My good Editor insists that this book must have an Author’s Preface; and insists further that it shall not contain compliments to him on the editorship. I must leave, therefore, any readers who care for the book, and comprehend the trouble that has been spent on it, to pay him their own compliments, as the successive service of his notes may call for them: but my obedience to his order, not in itself easy to me, doubles the difficulty I have in doing what, nevertheless, I am resolved to do—pay, that is to say, several extremely fine compliments to myself, upon the quality of the text.

For of course I have read none of these letters since they were first printed: of half of them I had forgotten the contents, of some, the existence; all come fresh to me; and here in Rouen, where I thought nothing could possibly have kept me from drawing all I could of the remnants of the old town, I find myself, instead, lying in bed in the morning, reading these remnants of my old self—and that with much contentment and thankful applause.

For here are a series of letters ranging over a period of, broadly, forty years of my life; most of them written hastily, and all in hours snatched from heavier work: and in the entire mass of them there is not a word I wish to change, not a statement I have to retract, and, I believe, few pieces of advice, which the reader will not find it for his good to act upon.

With which brief preface I am, for my own part, content; but as it is one of an unusual tenor, and may be thought by some of my friends, and all my foes, more candid than graceful, I permit myself the apologetic egotism of enforcing one or two of the points in which I find these letters so well worth—their author’s—reading.

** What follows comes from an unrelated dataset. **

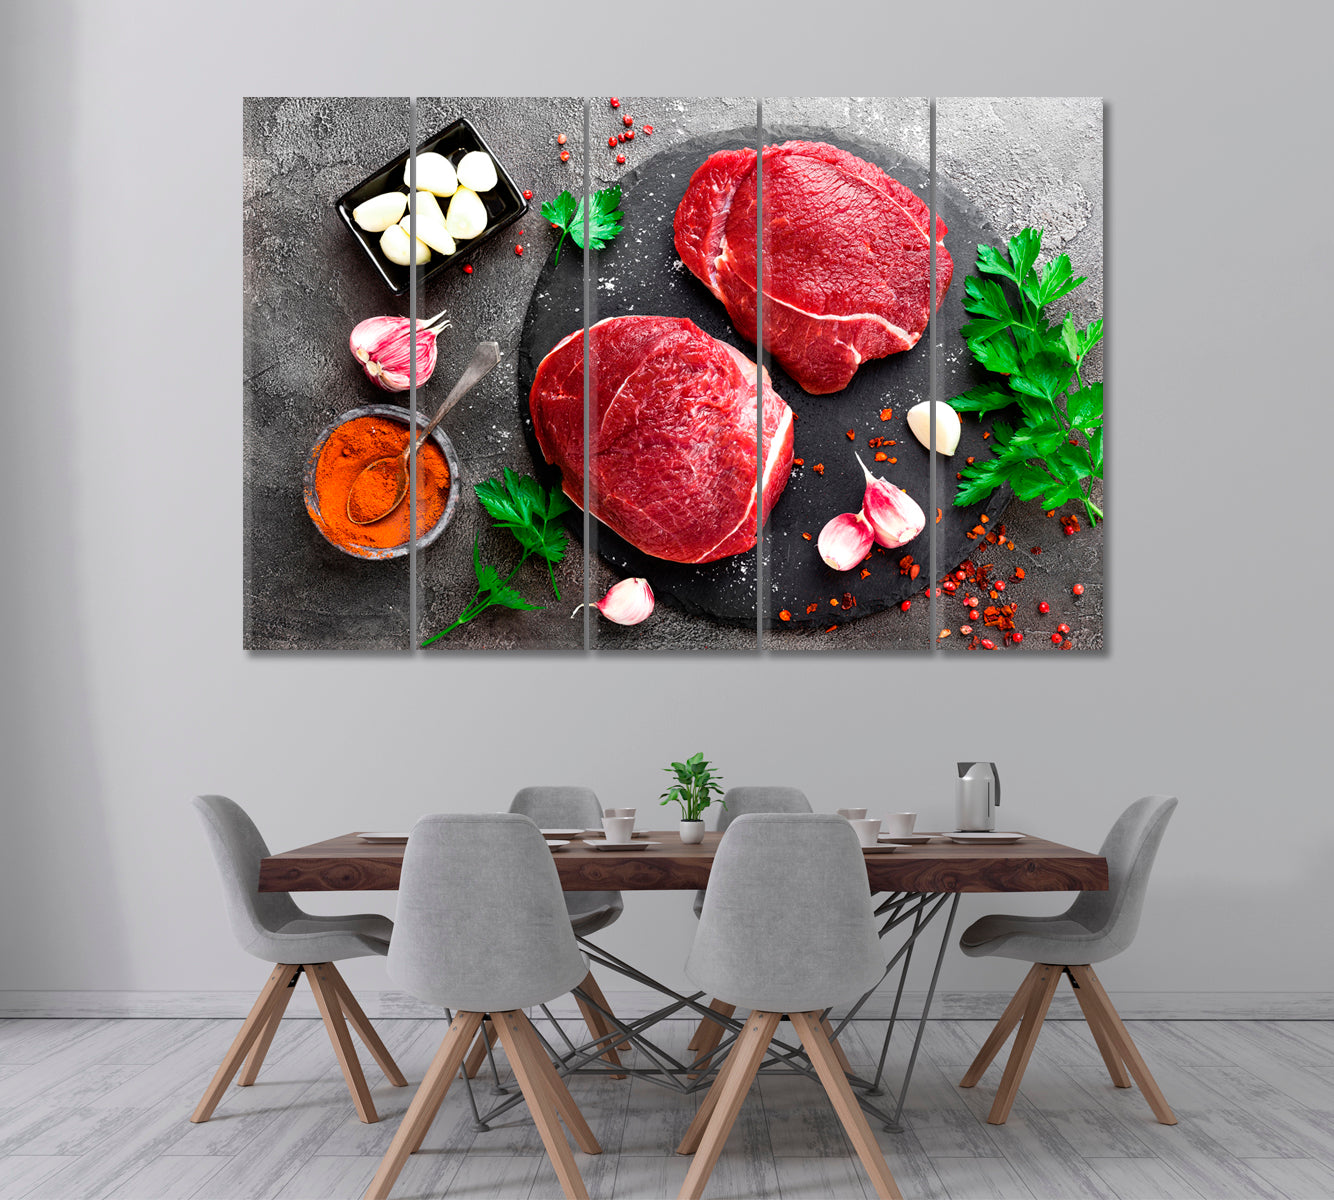 Raw Beef Steaks Canvas Print ArtLexy 5 Panels 36"x24" inches

In the building of a large book, there are always places where an indulged diffuseness weakens the fancy, and prolonged strain subdues the energy: when we have time to say all we wish, we usually wish to say more than enough; and there are few subjects we can have the pride of exhausting, without wearying the listener. But all these letters were written with fully provoked zeal, under strict allowance of space and time: they contain the choicest and most needful things I could within narrow limits say, out of many contending to be said; expressed with deliberate precision; and recommended by the best art I had in illustration or emphasis. At the time of my life in which most of them were composed, I was fonder of metaphor, and more fertile in simile, than I am now; and I employed both with franker trust in the reader’s intelligence. Carefully chosen, they are always a powerful means of concentration; and I could then dismiss in six words, “thistledown without seeds, and bubbles without color,” forms of art on which I should now perhaps spend half a page of analytic vituperation; and represent, with a pleasant accuracy which my best methods of outline and exposition could now no more achieve, the entire system of modern plutocratic policy, under the luckily remembered image of the Arabian bridegroom, bewitched with his heels uppermost.